Work instructions:
Omit all pictures, and print word for word only the lines from the one containing "Stampante laser mono" through the end of the data.

[[ Data open ]]

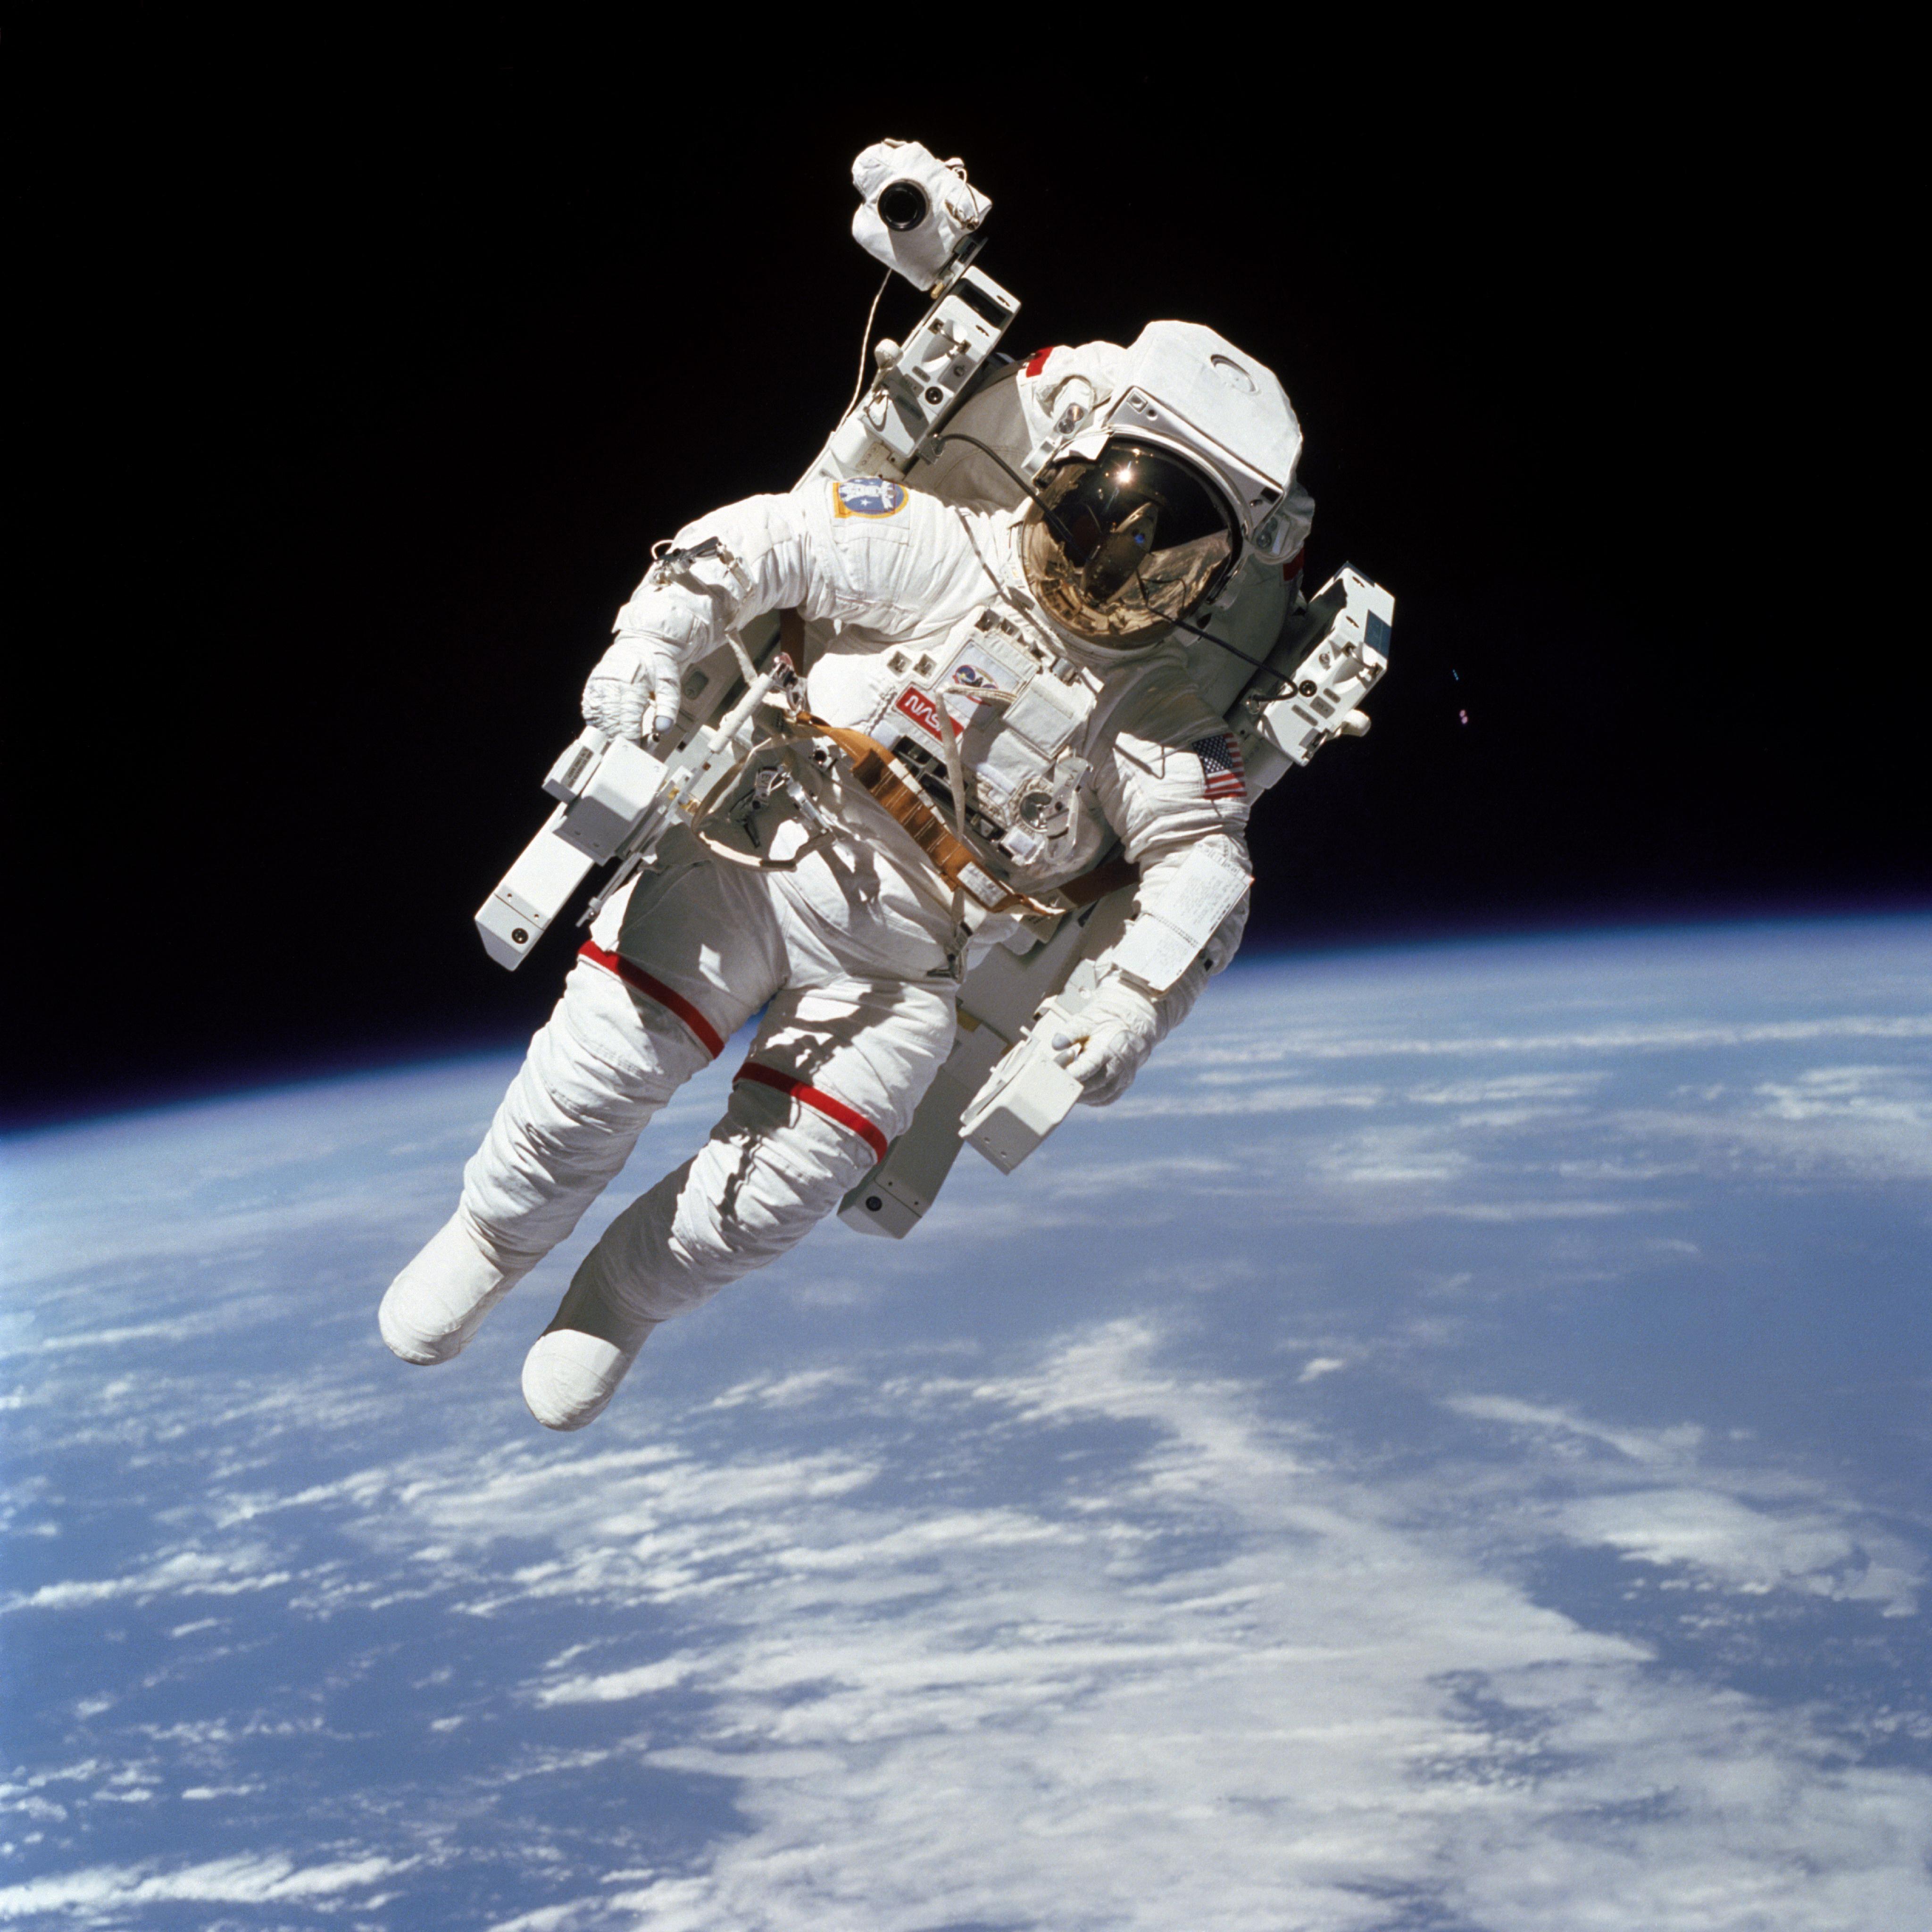 Imágenes de astronautas - Imagui
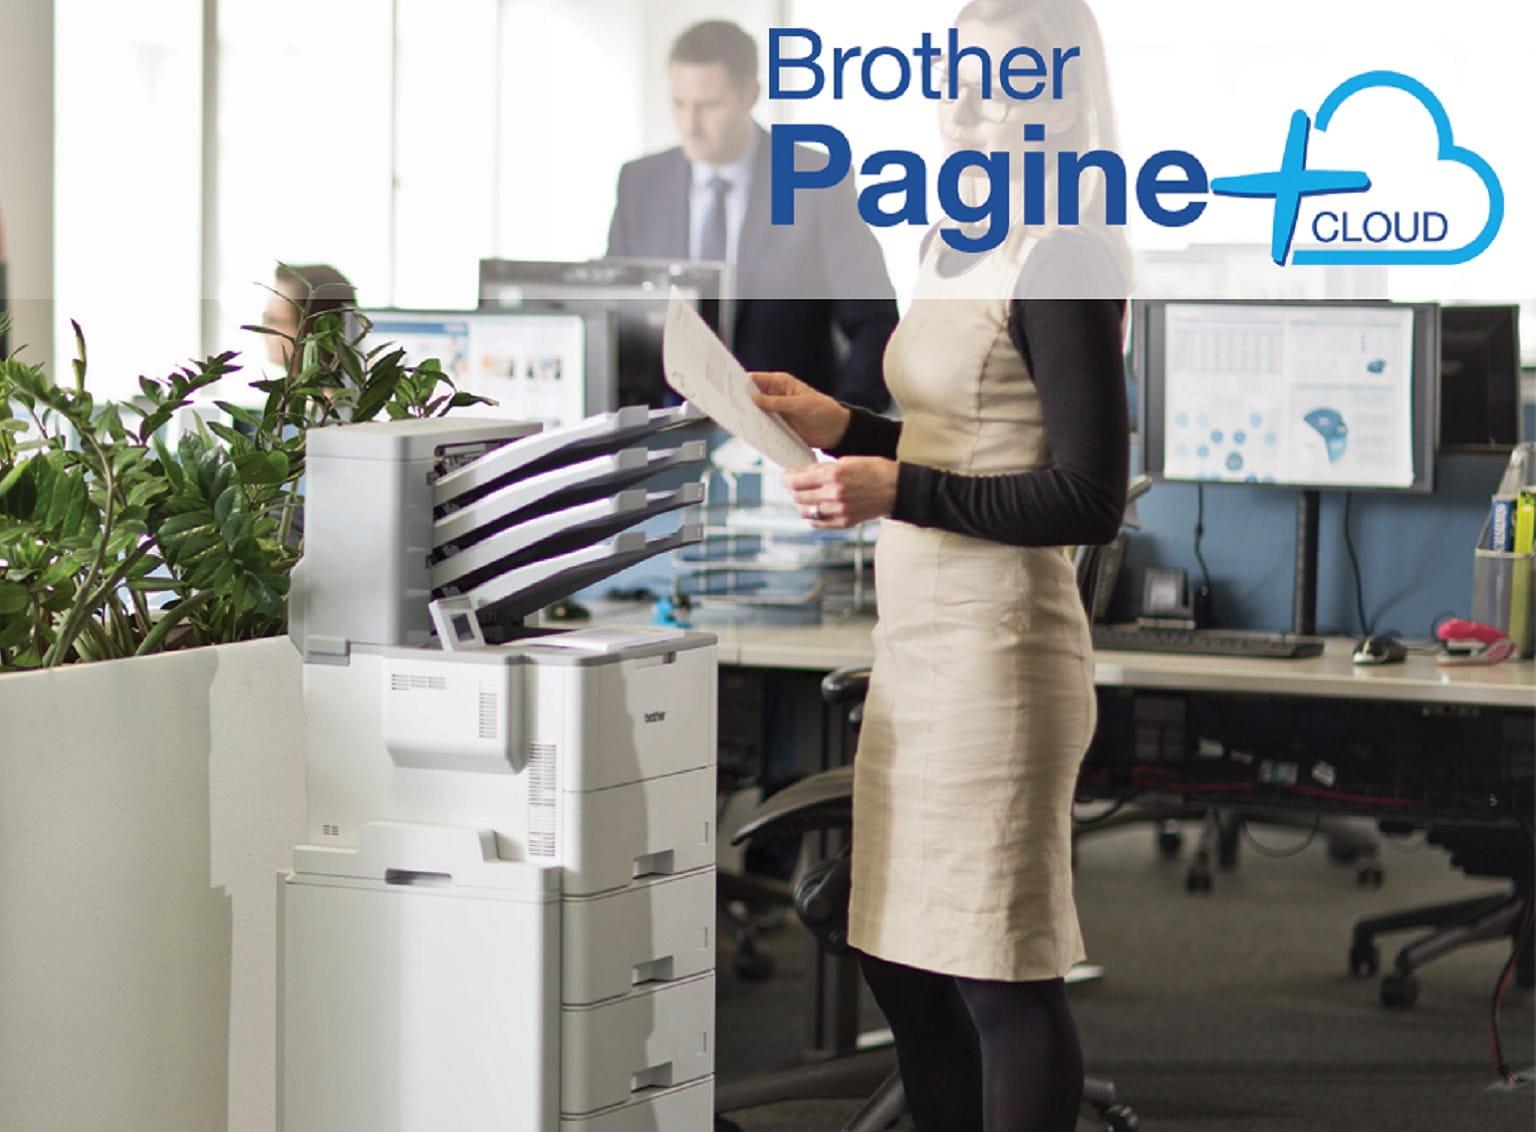 Stampante laser mono Brother HL-L6400DWT in ufficio con logo del servizio MPS Pagine+ Cloud
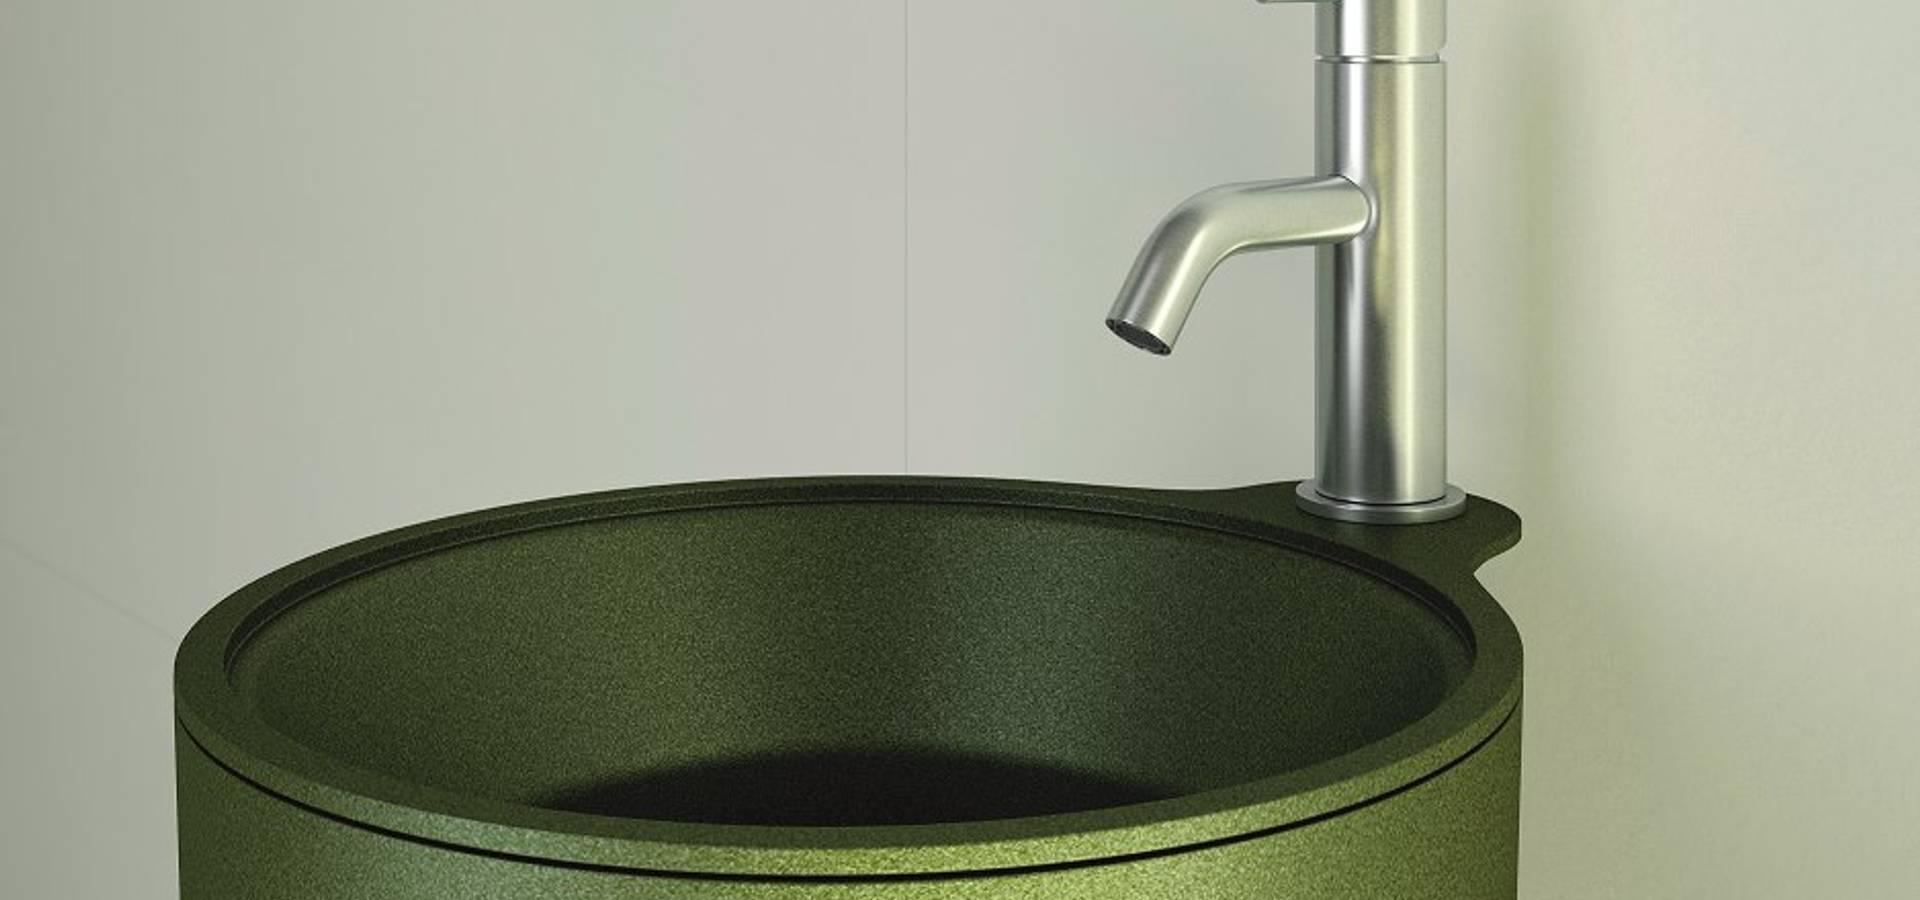 Water evolution grifer a para la cocina y el ba o en maia for Griferia para bano y cocina
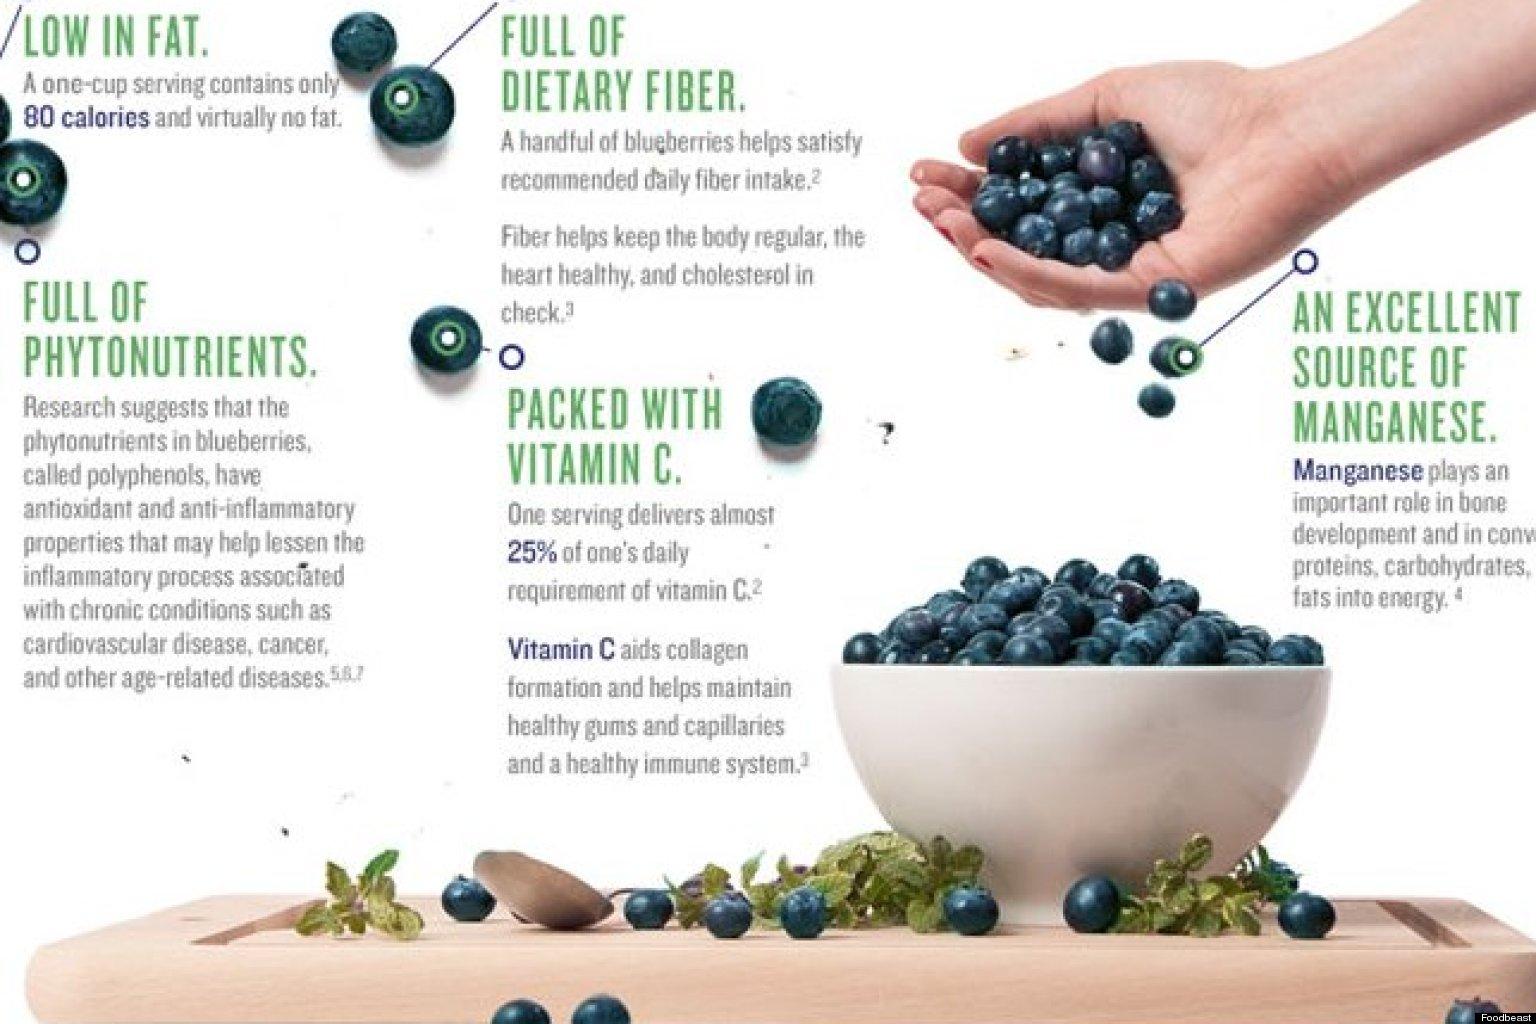 We're Eating 2x As Many Blueberries As We Were In 2005 ... Helena Bonham Carter Facebook

[[ Data closed ]]

Worked solution:
 Stampante laser mono Brother HL-L6400DWT in ufficio con logo del servizio MPS Pagine+ Cloud
 Water evolution grifer a para la cocina y el ba o en maia for Griferia para bano y cocina
 We're Eating 2x As Many Blueberries As We Were In 2005 ... Helena Bonham Carter Facebook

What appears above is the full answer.